╔══
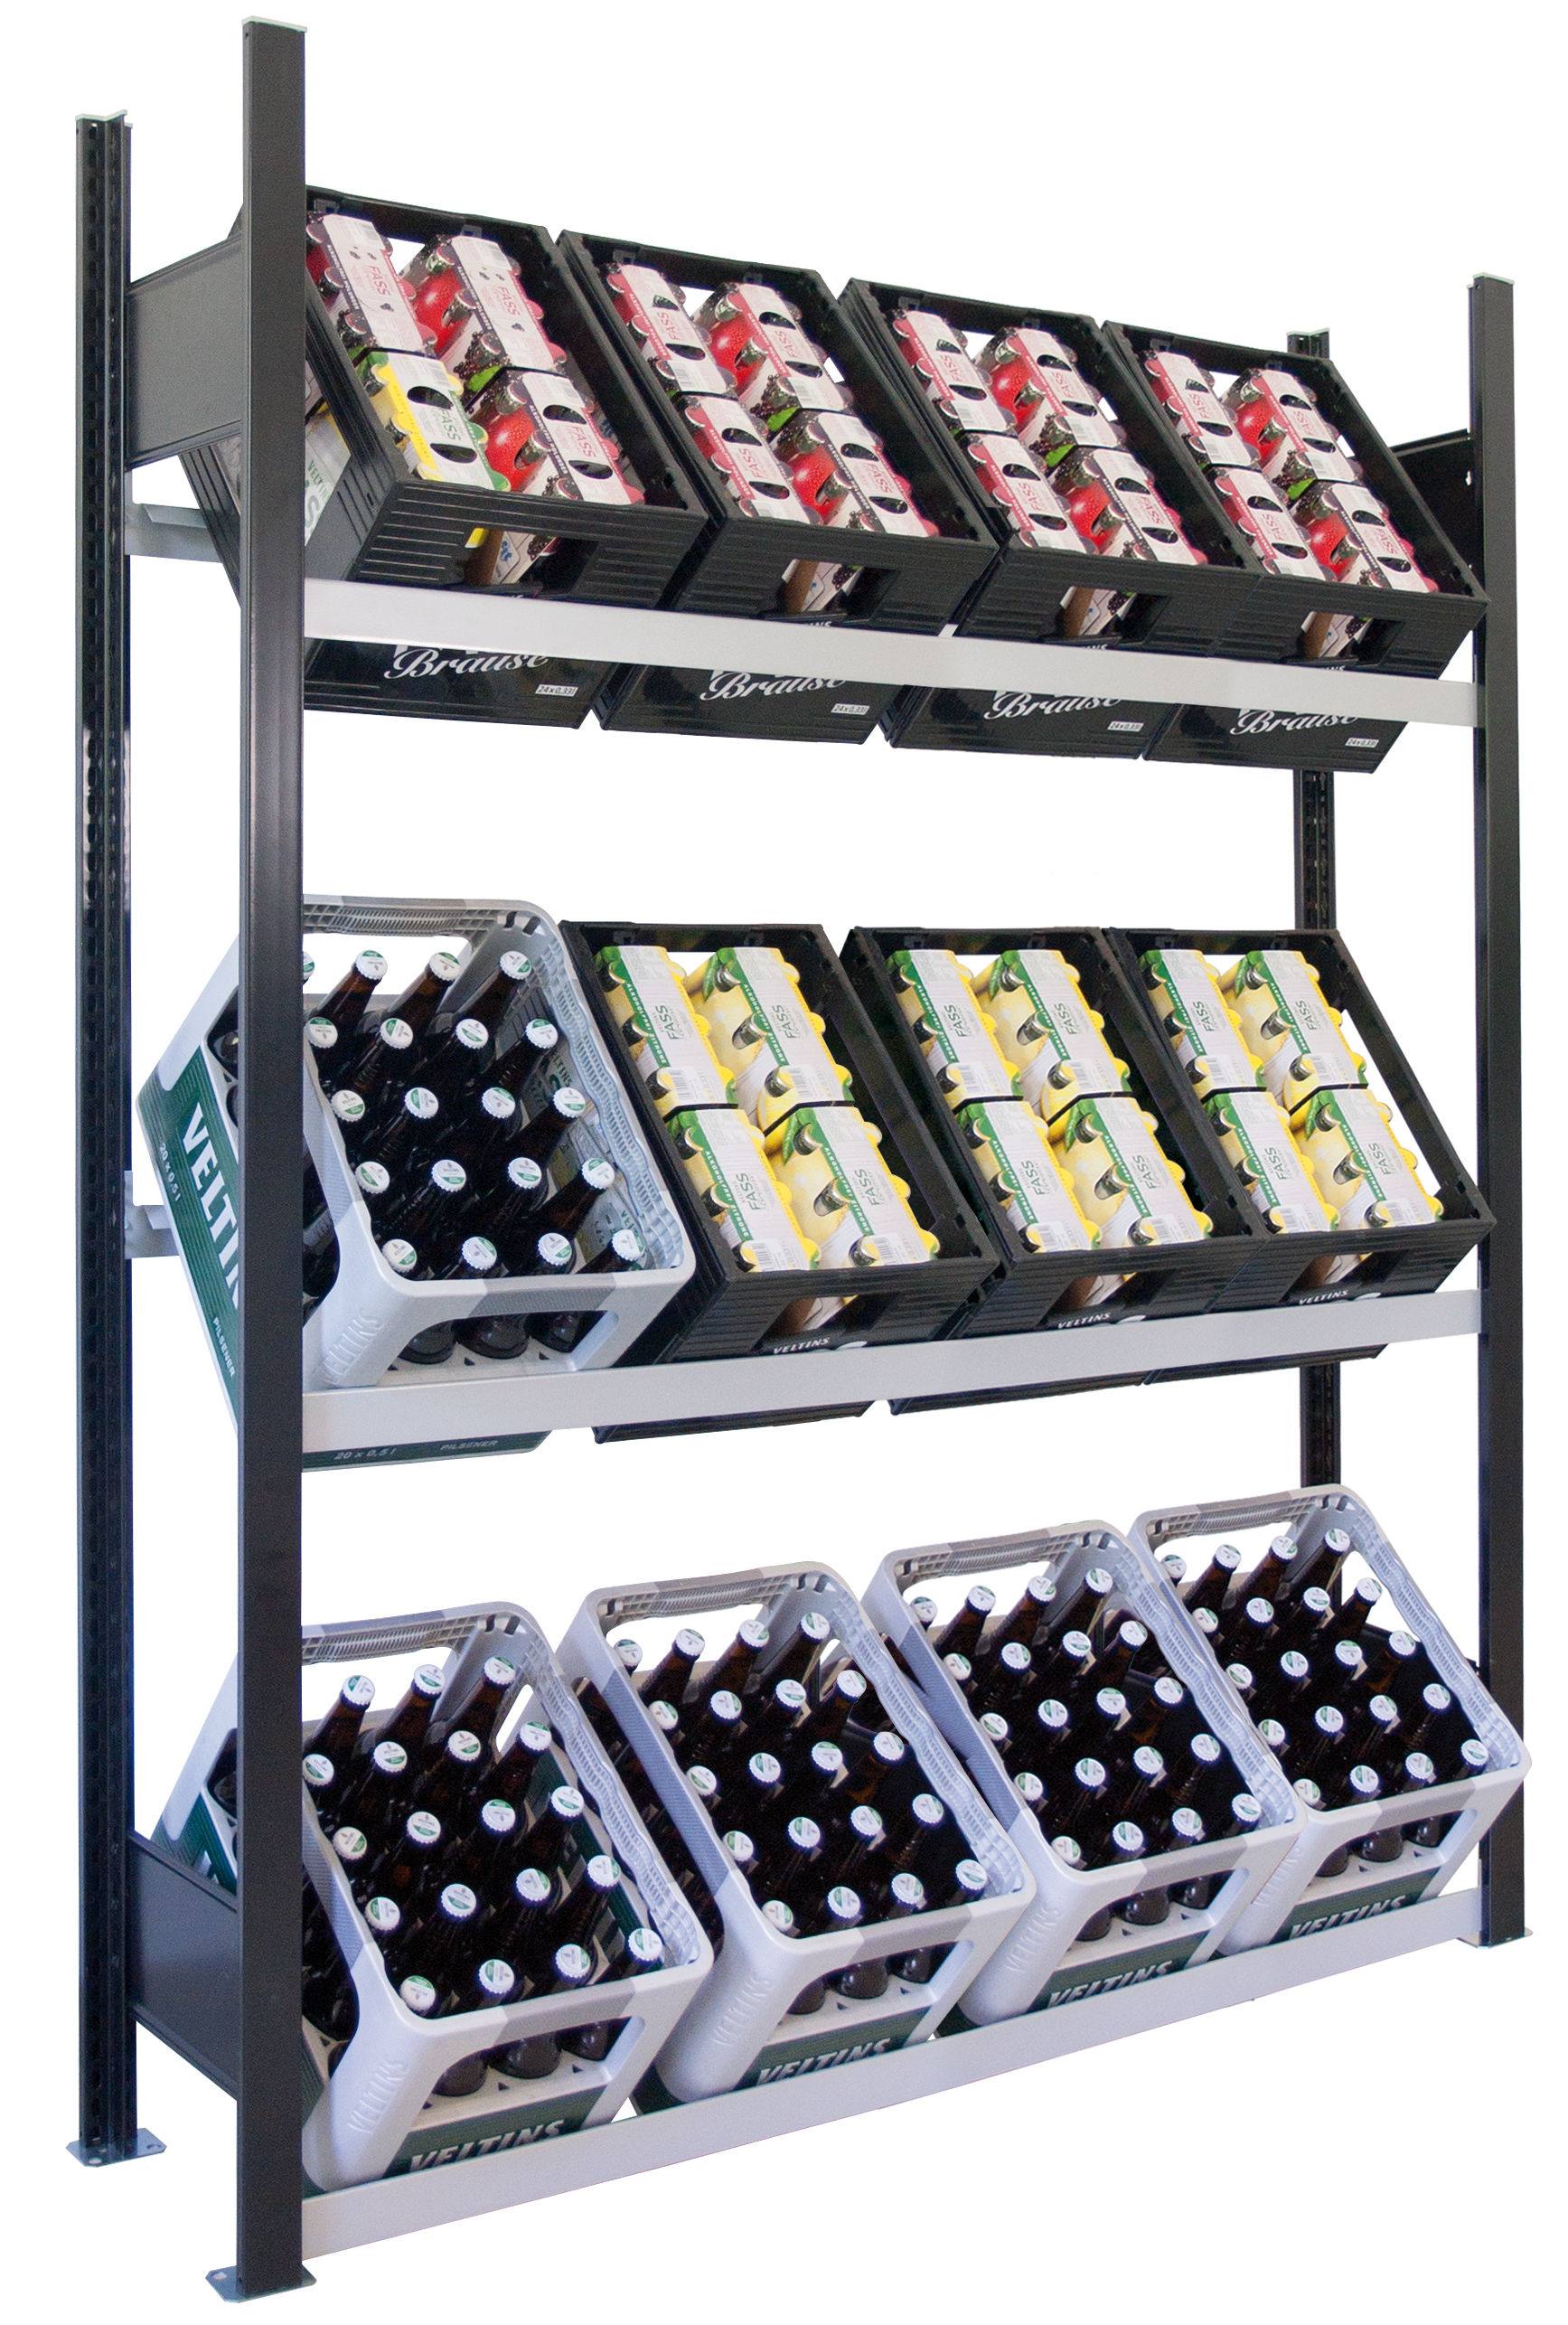 Getränkekistenregal für bis zu 12 Kisten, 180x130x30 cm (HxBxT), Traglast pro Ebene 60 Kg, schwarz-silber
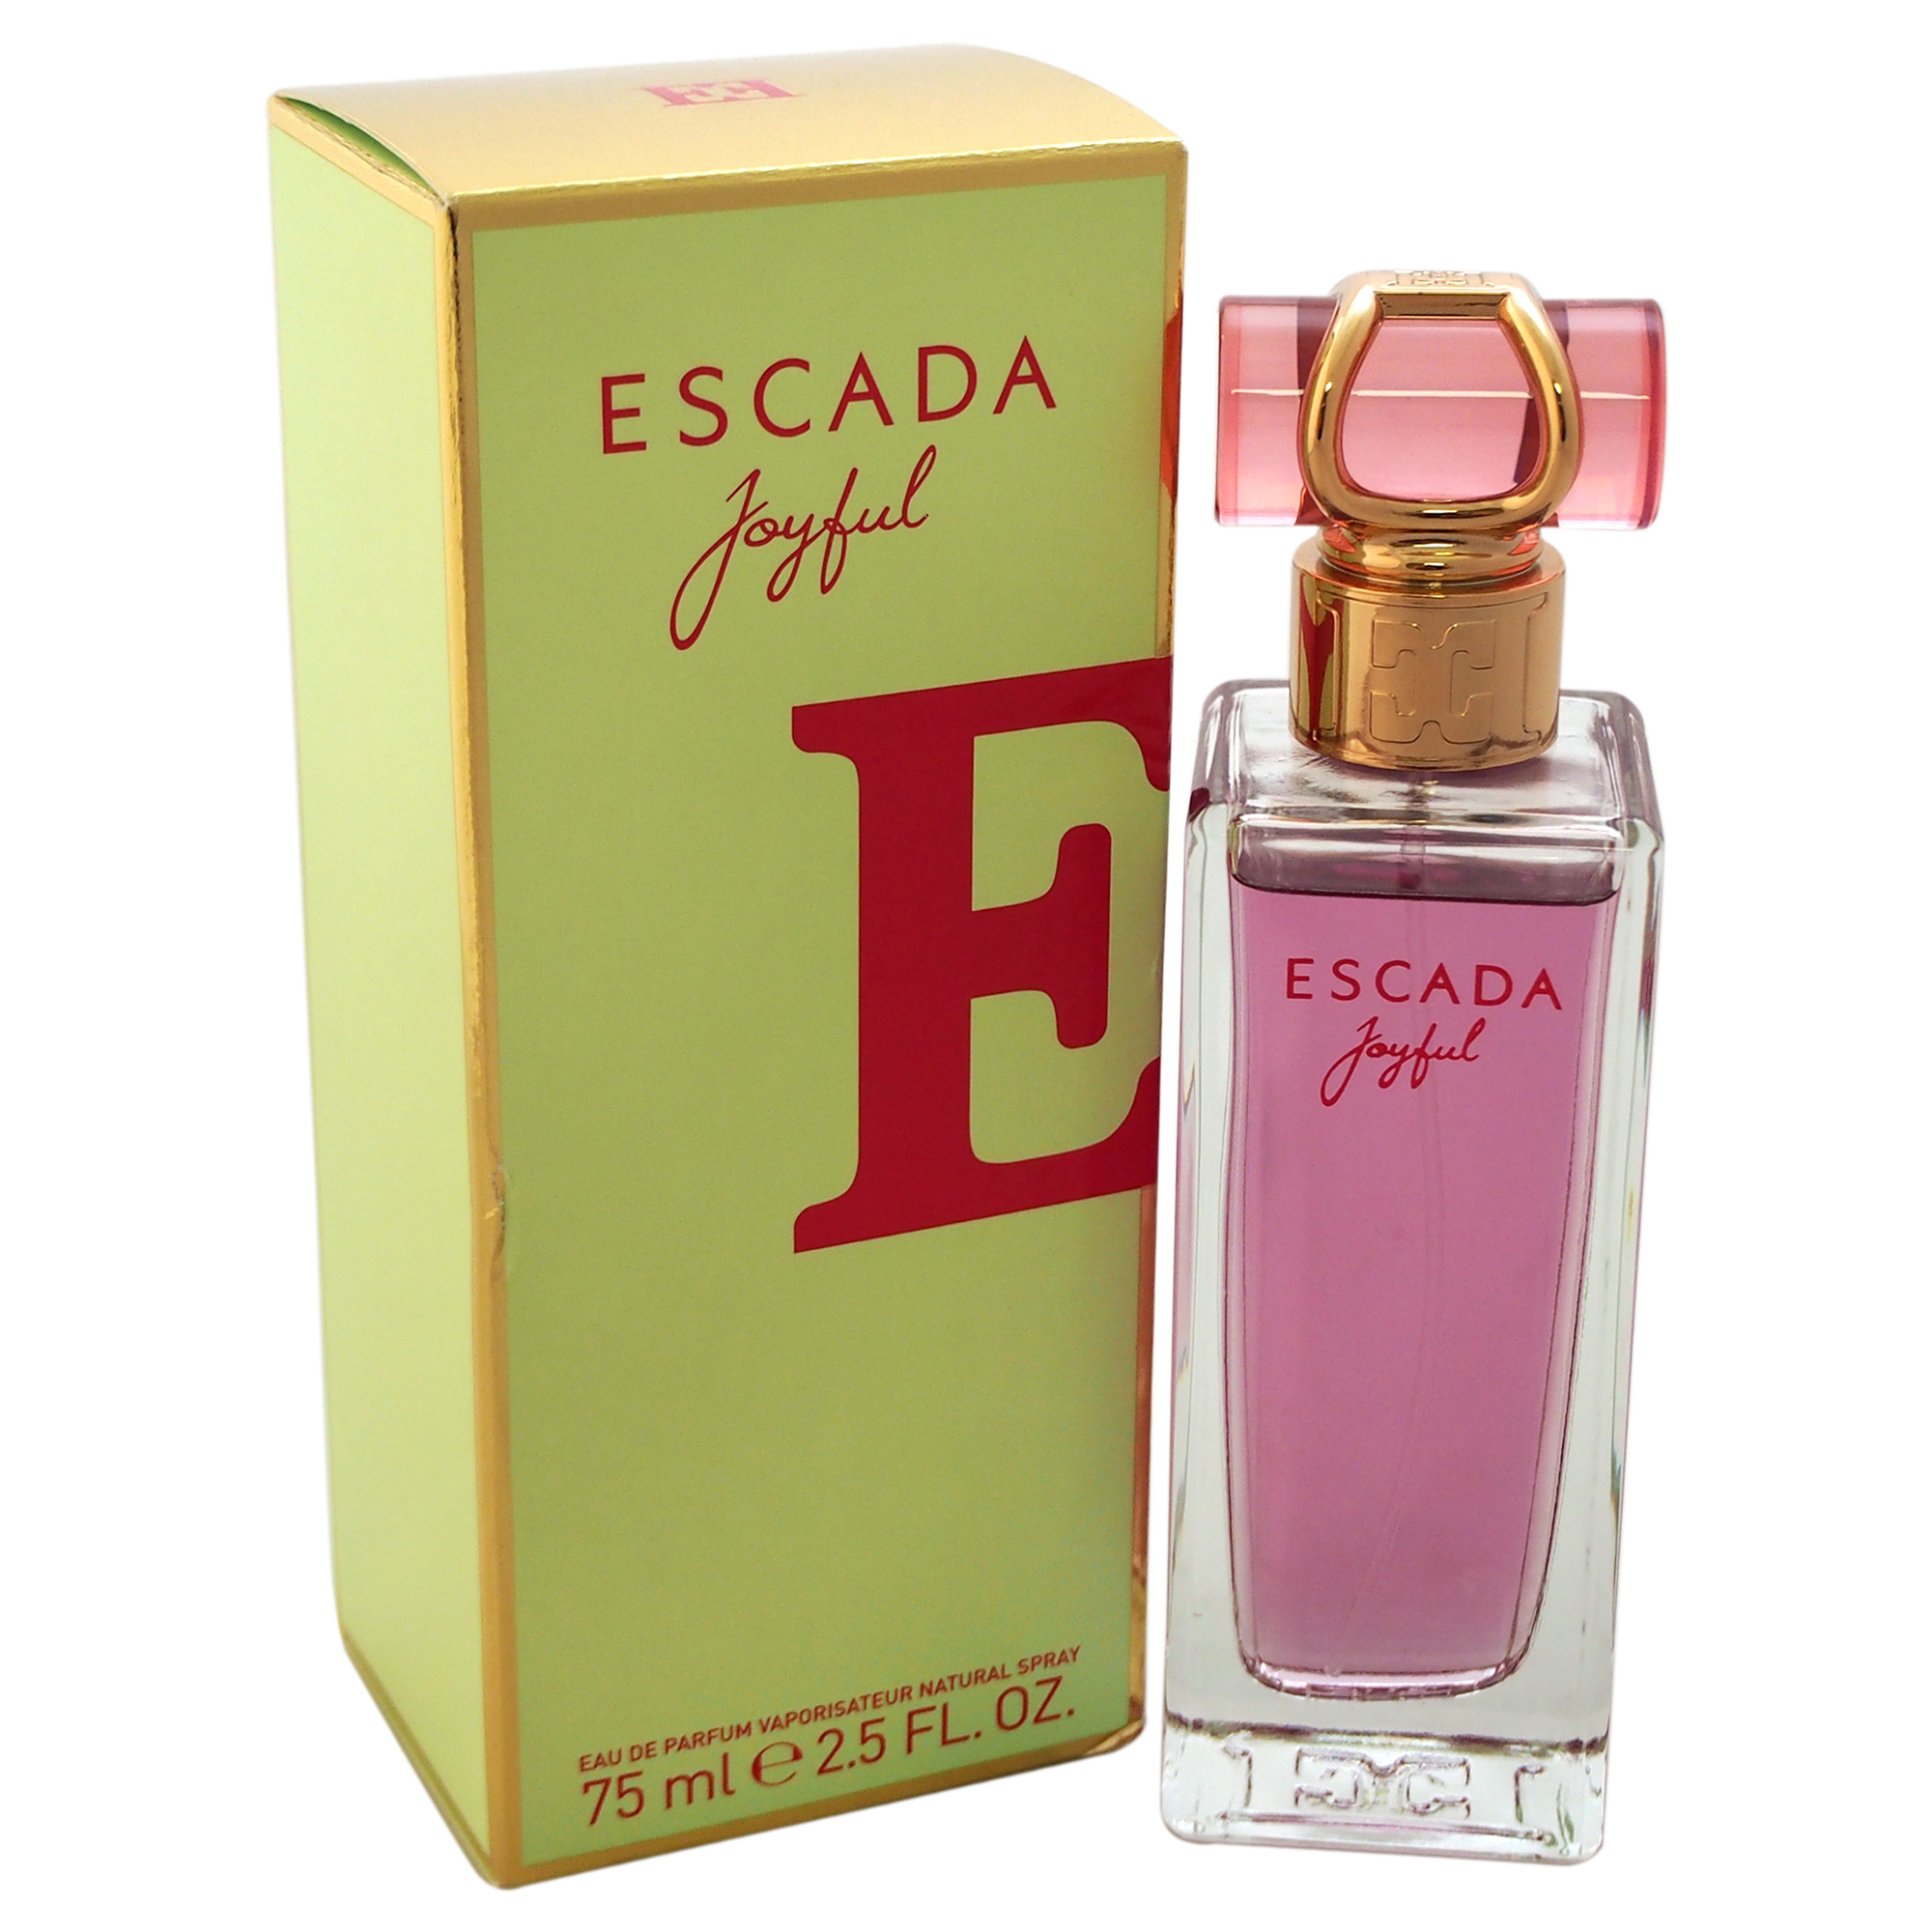 Escada Joyful by Escada for Women - 2.5 oz EDP Spray
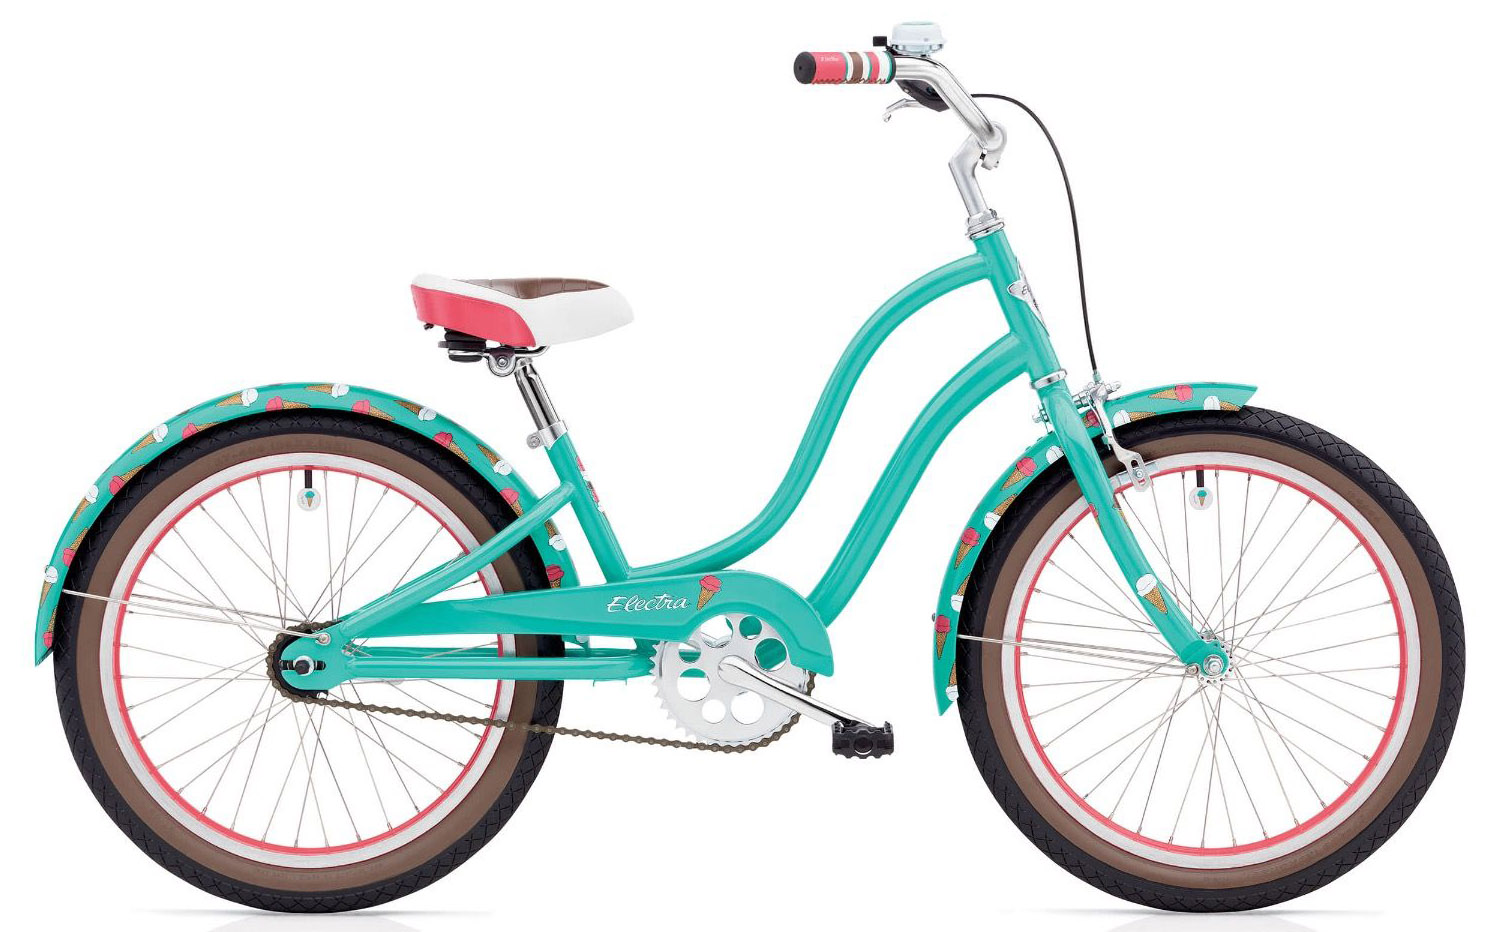  Отзывы о Детском велосипеде Electra Sweet Ride 1 20 2020
╚══
**ASSIGNED TASK:** Restate the data above word for word, omitting every picture.

**WRITTEN ANSWER:**
 Getränkekistenregal für bis zu 12 Kisten, 180x130x30 cm (HxBxT), Traglast pro Ebene 60 Kg, schwarz-silber
 Escada Joyful by Escada for Women - 2.5 oz EDP Spray
  Отзывы о Детском велосипеде Electra Sweet Ride 1 20 2020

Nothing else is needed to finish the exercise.